Online ads targeting women ‘fall way short of the mark’

mobileOnly half of UK online ad campaigns targeted at women actually reached them, according to a study of 60,000 campaigns across 20+ countries by measurement company Nielsen.
Only 50% of ad impressions served in the UK that were meant for women were served to women, compared to the 62% success hit rate when targeting men. This discrepancy was even more pronounced when targeting 18- to 34-year-olds, with just 22% successfully hitting women but 33% for men.
Overall, just 54% of ad impressions were delivered to the audience they were meant for.
“Online advertising has plenty of room for improvement in hitting advertisers’ desired audiences, particularly women,” said Barney Farmer, Nielsen’s UK commercial director. “Various things that can make a difference are better use of the available technology, incorporating wider sources of data, particularly first party data, as well as buyers taking more action on the insights they’ve got from previous campaigns to improve future results.”
Accuracy also varies widely by sector. Travel and business/consumer services marketers were the most likely to reach their desired audience (both doing so 67% of the time) followed by entertainment (65%). In contrast, retail (42%) and FMCG (43%) marketers struggled most to reach their target audience. However, FMCG had a much higher hit rate on mobile (52%) than desktop (42%), as did computers/electronics (60% vs 51%).
The data, collected by the company’s Digital Ad Ratings service, revealed that the proportion of campaigns involving a mobile element more than doubled from 22% to 55%. It also showed that for campaigns aiming to reach both men and women, mobile outperformed desktop, having a higher on-target hit rate for six of the nine age breakdowns.
Mobile provided one area where advertisers are much better at targeting women than men. Among mobile campaigns targeted at 25- to 44-year- olds, 37% of impressions were successfully served to women, compared to just 22% among men – nearly double the on-target rate.
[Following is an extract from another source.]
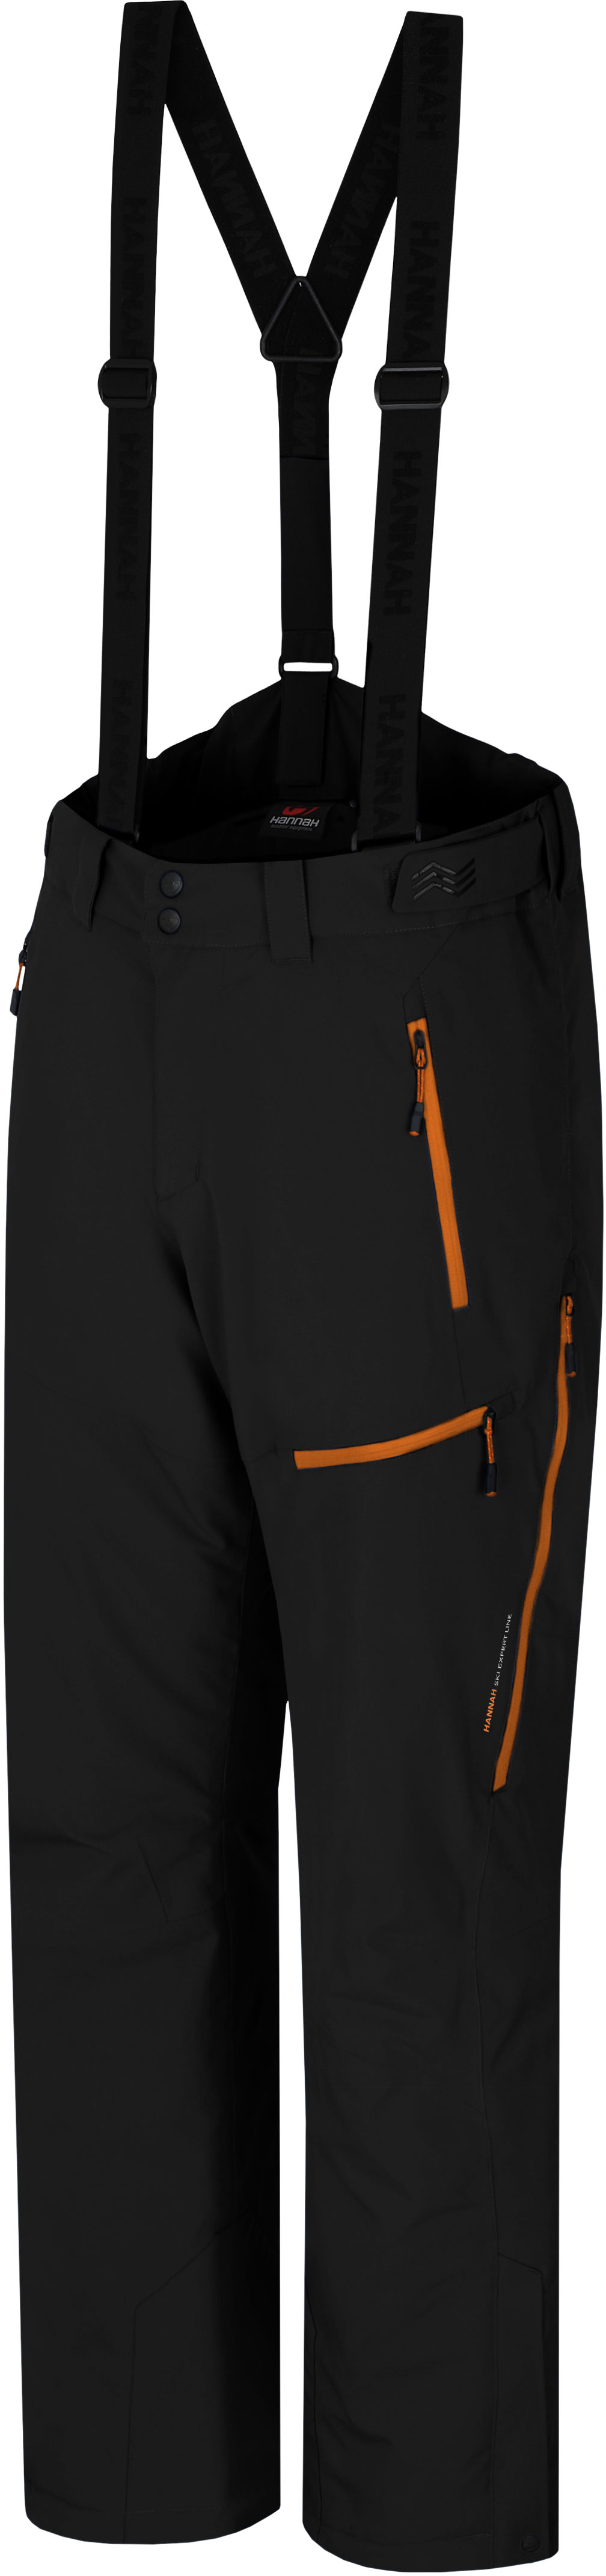 Men's ski trousers with a membrane
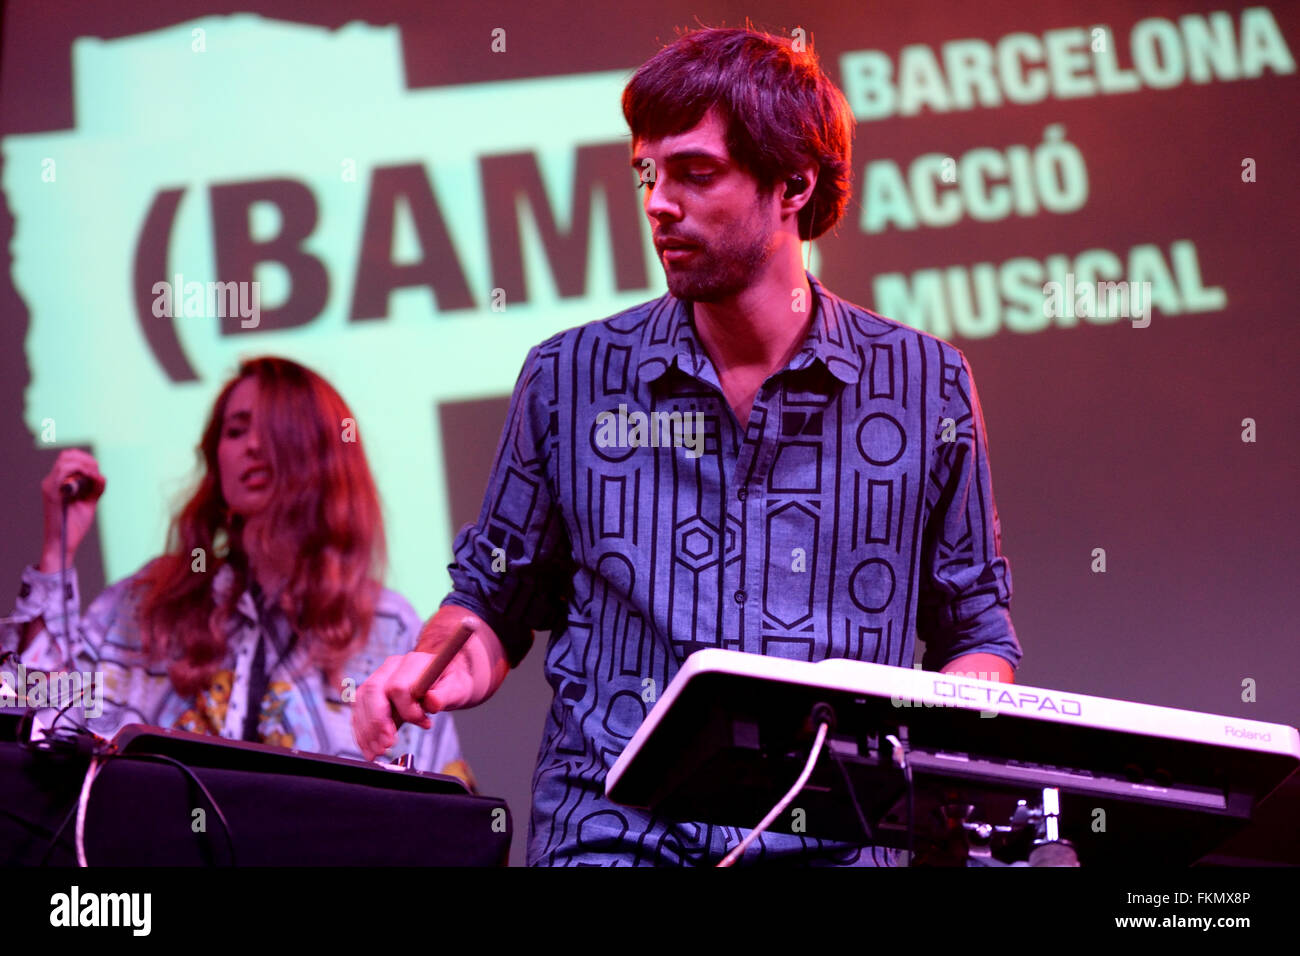 BARCELONA - SEP 19: Desert (electronic band) concert at Barcelona Accio Musical (BAM) La Merce Festival. Stock Photo

Farmer reveals that the number of campaigns measured through the service jumped 78% year-on-year. He says that as the digital media ecosystem becomes more complex, this large rise is “indicative” of more marketers viewing third-party measurement as “vital in ensuring they’re actually reaching their audience and maximising ROI”.
He echoes the ongoing calls from the buying community about third-party measurement in that “buyers should have more visibility about campaign performance from independent third parties.”